Tuesday, January 27, 2009

Schizophrenic Postmodernism

In his article, Jameson calls for the deconstruction of analysis in postmodernist art to a method of growingly piece-unique perceptions, which should be contrasted to works of the same period rather than seeking to find a degree of similarity between the two. Jameson urges observers and scholars to diverge from seeking compilation of postmodernist artwork based on similar techniques and overlapping subjects but rather appreciate individual images for their respective aesthetic signifiers and pseudo-factual formulations. Unlike modernist art, as well as that of earlier periods, contemporary art does not “fit neatly” into a particular theme or practice; instead it emerges into an “enormously complex representational dialectic” (54) which requires a digression from the existing approach to artwork analysis which has prevailed since the first observations and studies in Art History.

Given the high volume and scope of art pieces belonging to the postmodernist period, it is understandable that Jameson not expand his argument of fragmentary analysis to every existing painting and photograph; though, he does contrast homogeneity of modernist artwork to that of heterogeneous postmodernist pieces. This writer claims that postmodernism be seen as a cultural dominant rather than an artistic style in order to accede to the coexistence of a wide range of styles, features, and expression. Though at times overwhelming in aesthetic composition, postmodernist artwork embodies parallel dramatization of a society to that of pieces from earlier periods; a realization which observers oftentimes fail to grasp and, also, attribute to the respective image rather than the compilation of works from the postmodernist age. Essentially, Jameson’s argument is summarized in the following “this whole global, yet American, postmodern culture is the internal and superstructural expression of a whole new wave of American military and economic domination throughout the world” (5).

Throughout the article, Jameson makes the claim that art belonging to the modernist period and before, are characterized by hermeneutical interpretations by the vast majority of observers.

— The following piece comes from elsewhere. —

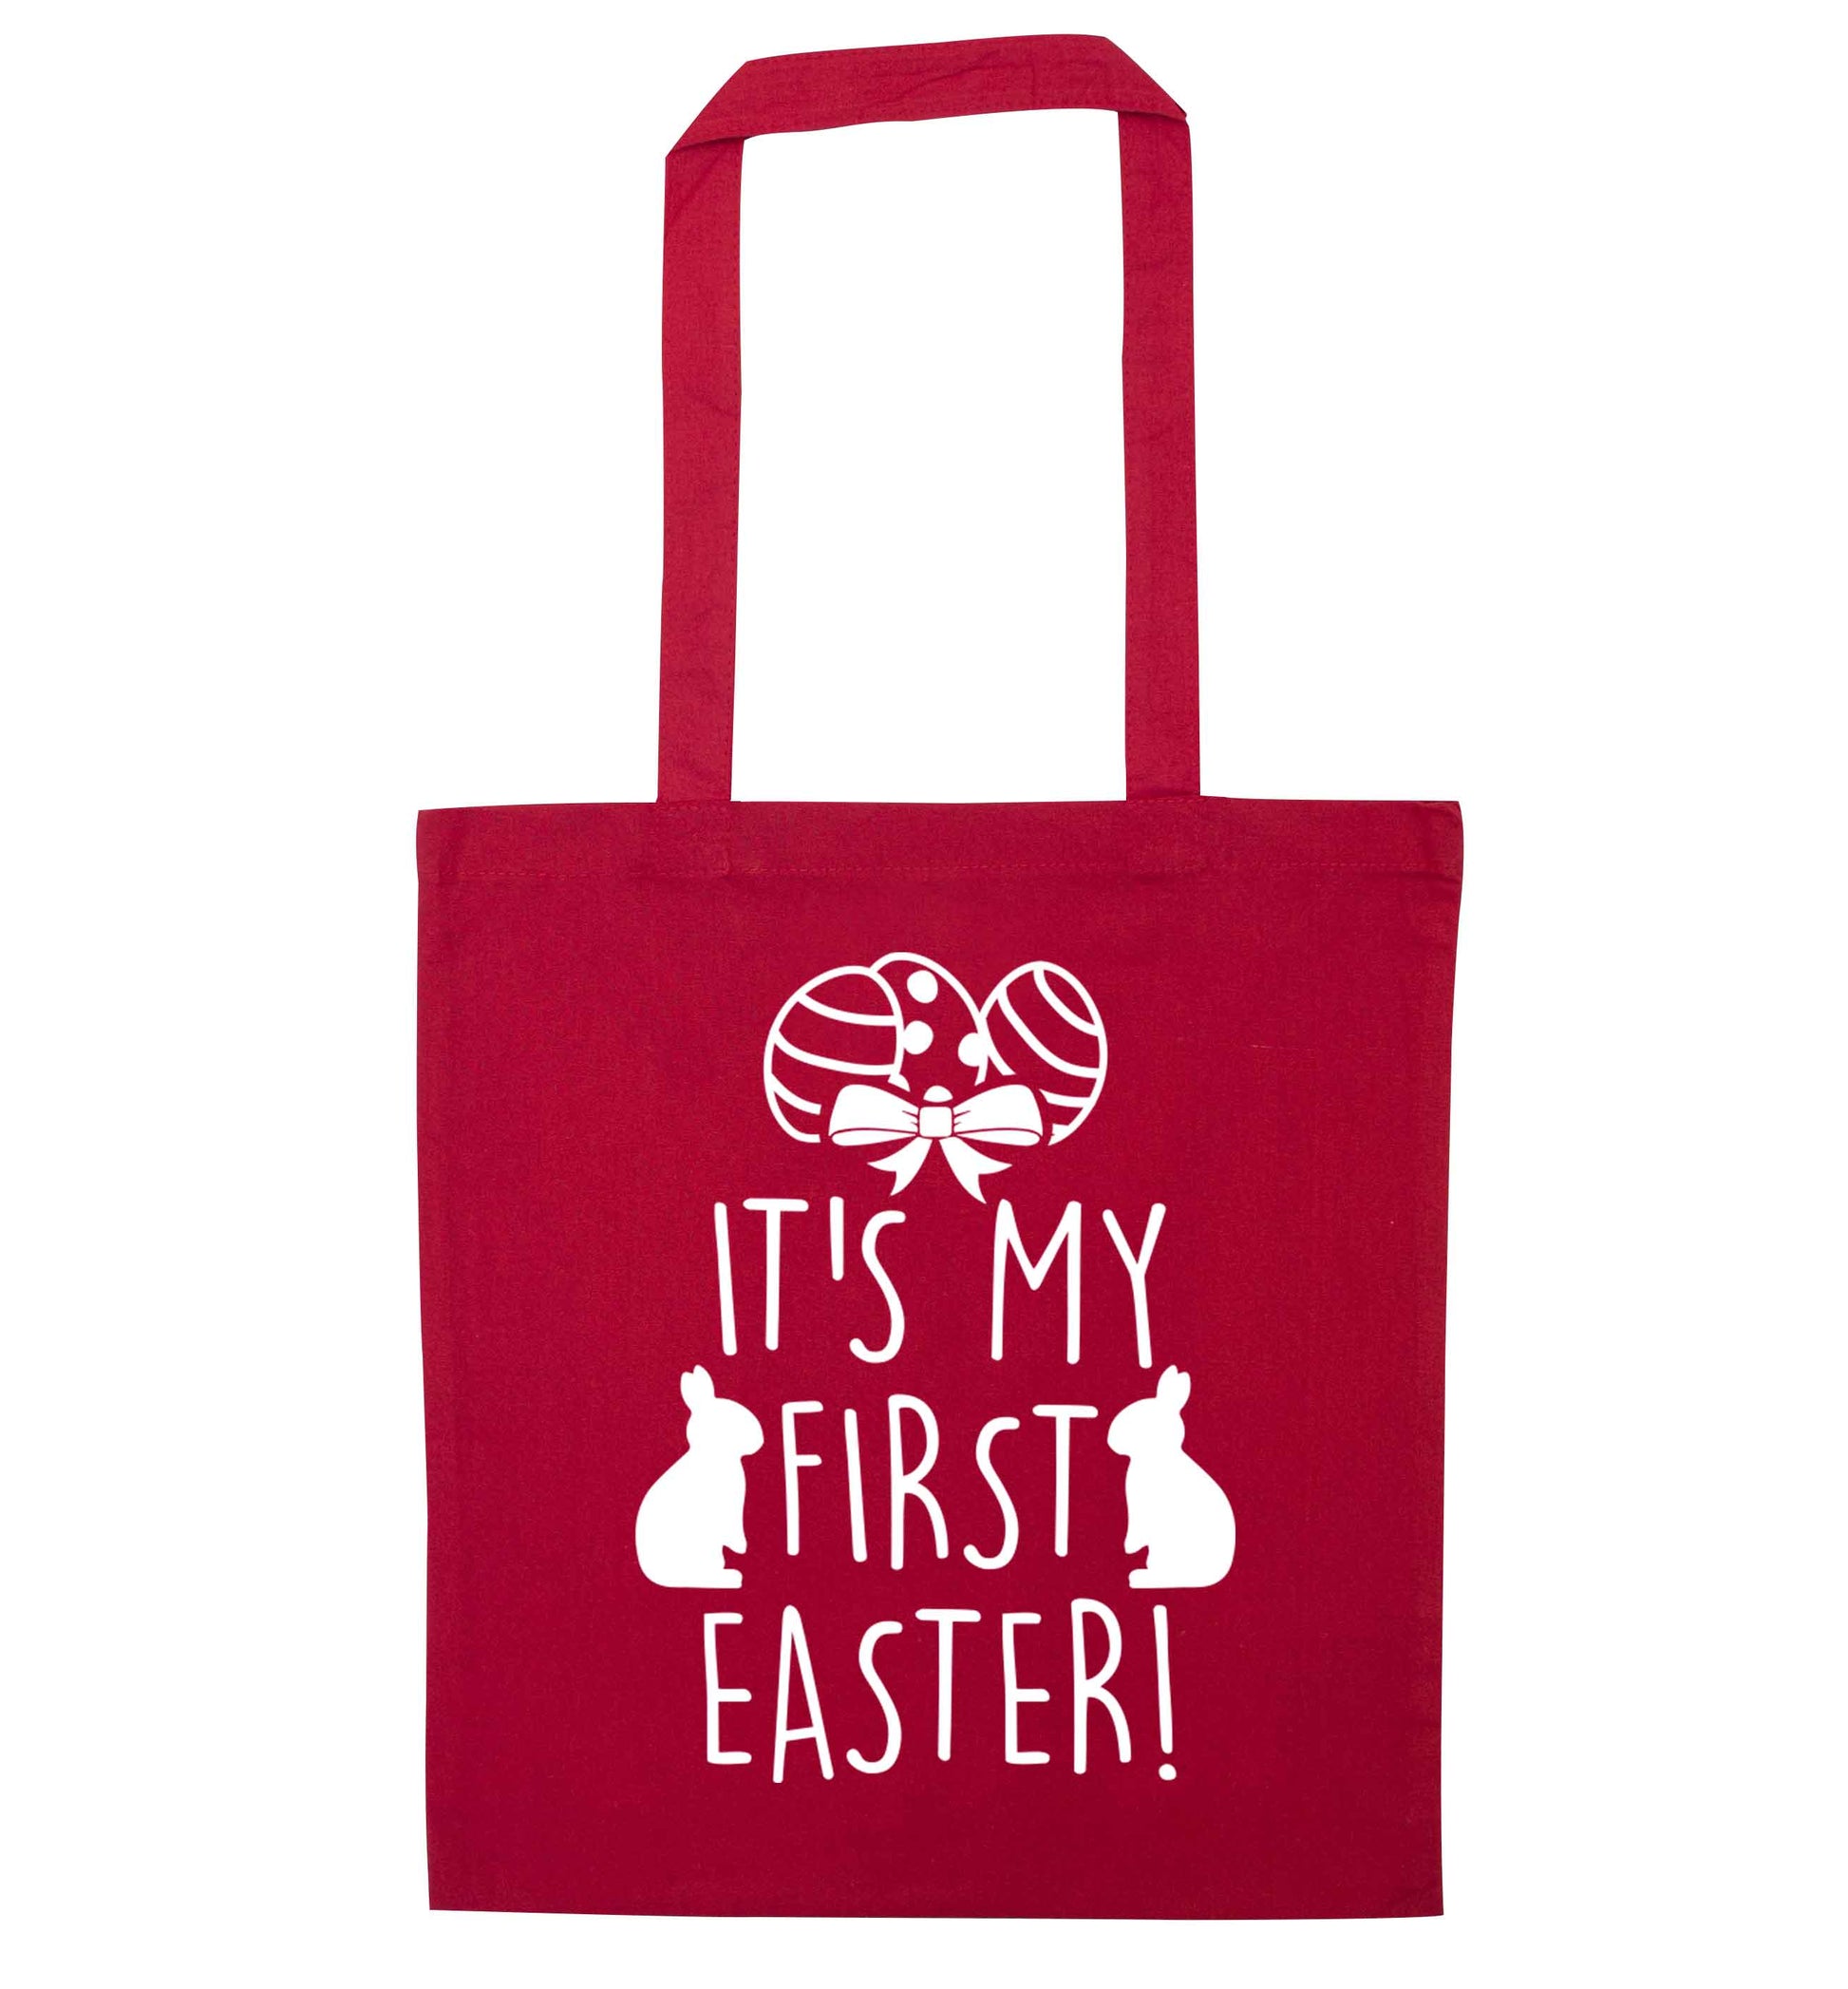 It's my first Easter red tote bag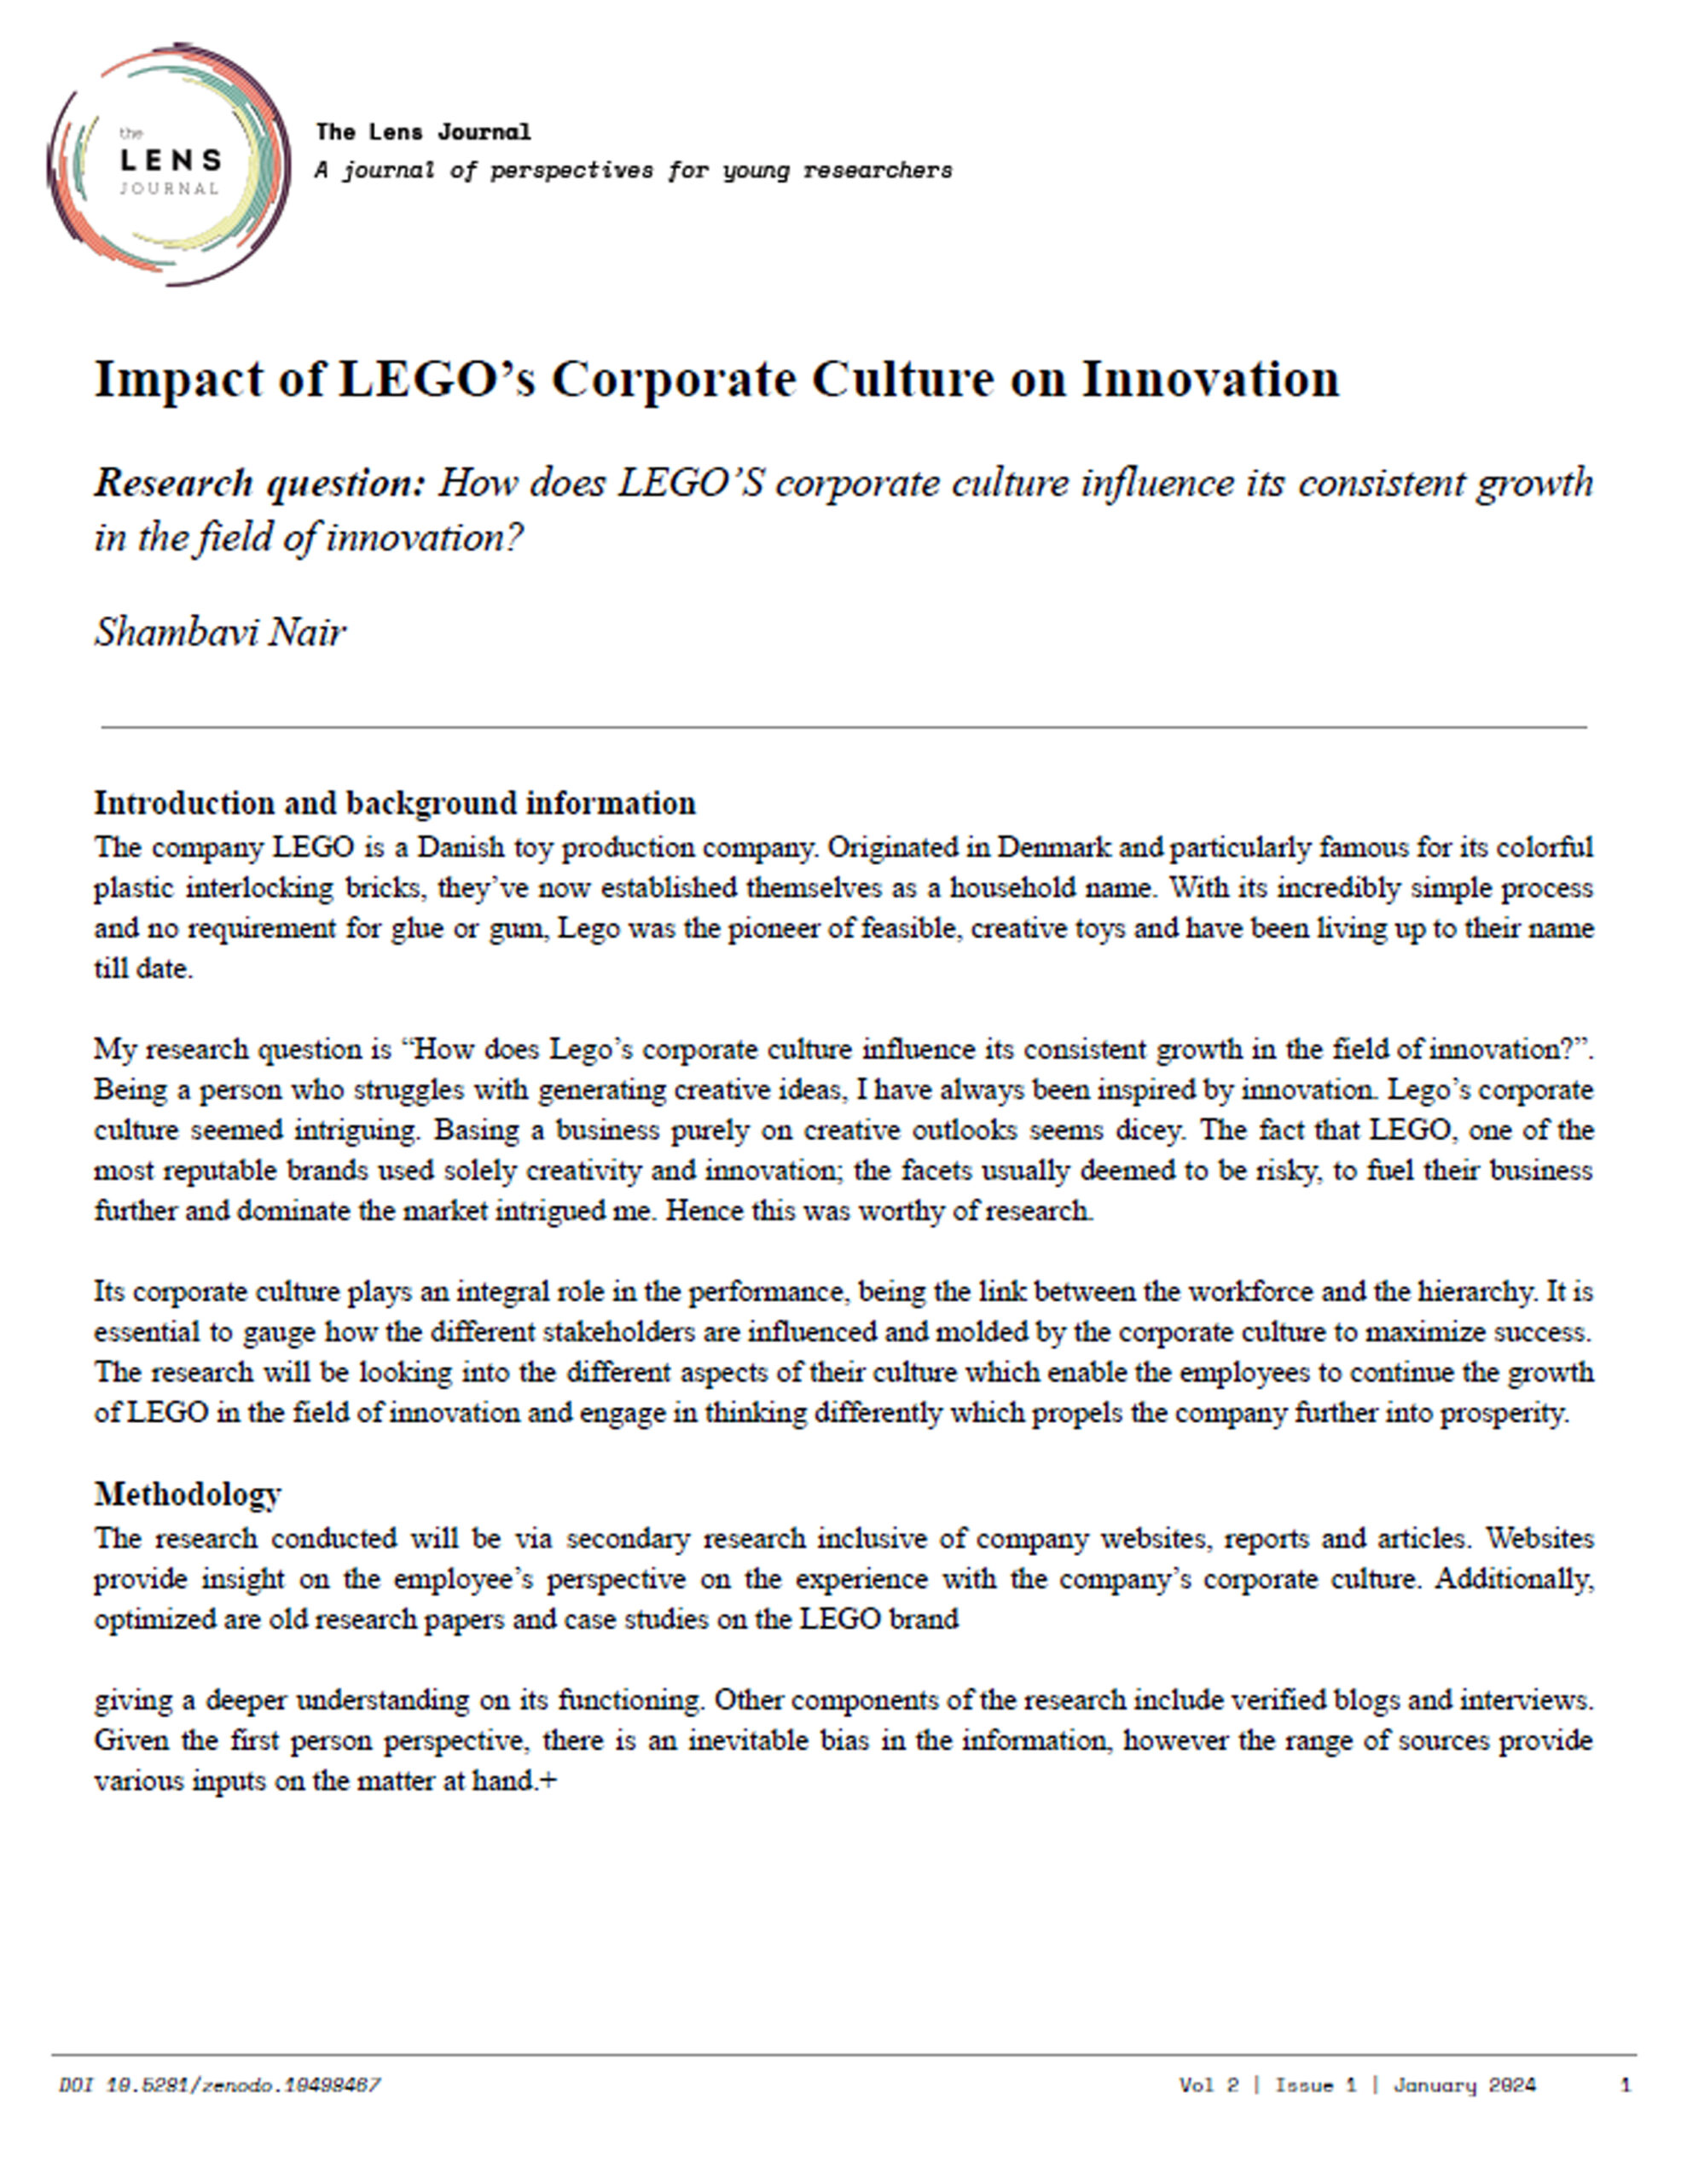 Impact of LEGO’s Corporate Culture on Innovation

He reaches this conclusion after providing the example of Van Gogh’s Der Ursprung des Kunstwerkes, “in the sense in which the work in its inert, objectal form is taken aas a clue or a symptom for some vaster reality which replaces it as its ultimate truth” (8). Though Jameson argues that Andy Warhol’s works do not generate hermeneutical analysis due to their minimalism in objectivity, he fails to describe why he finds Warhol’s relationship to hermeneutical descriptions as representative to all postmodernist art, especially after he encourages observers to refrain from assimilating artworks within particular artistic periods.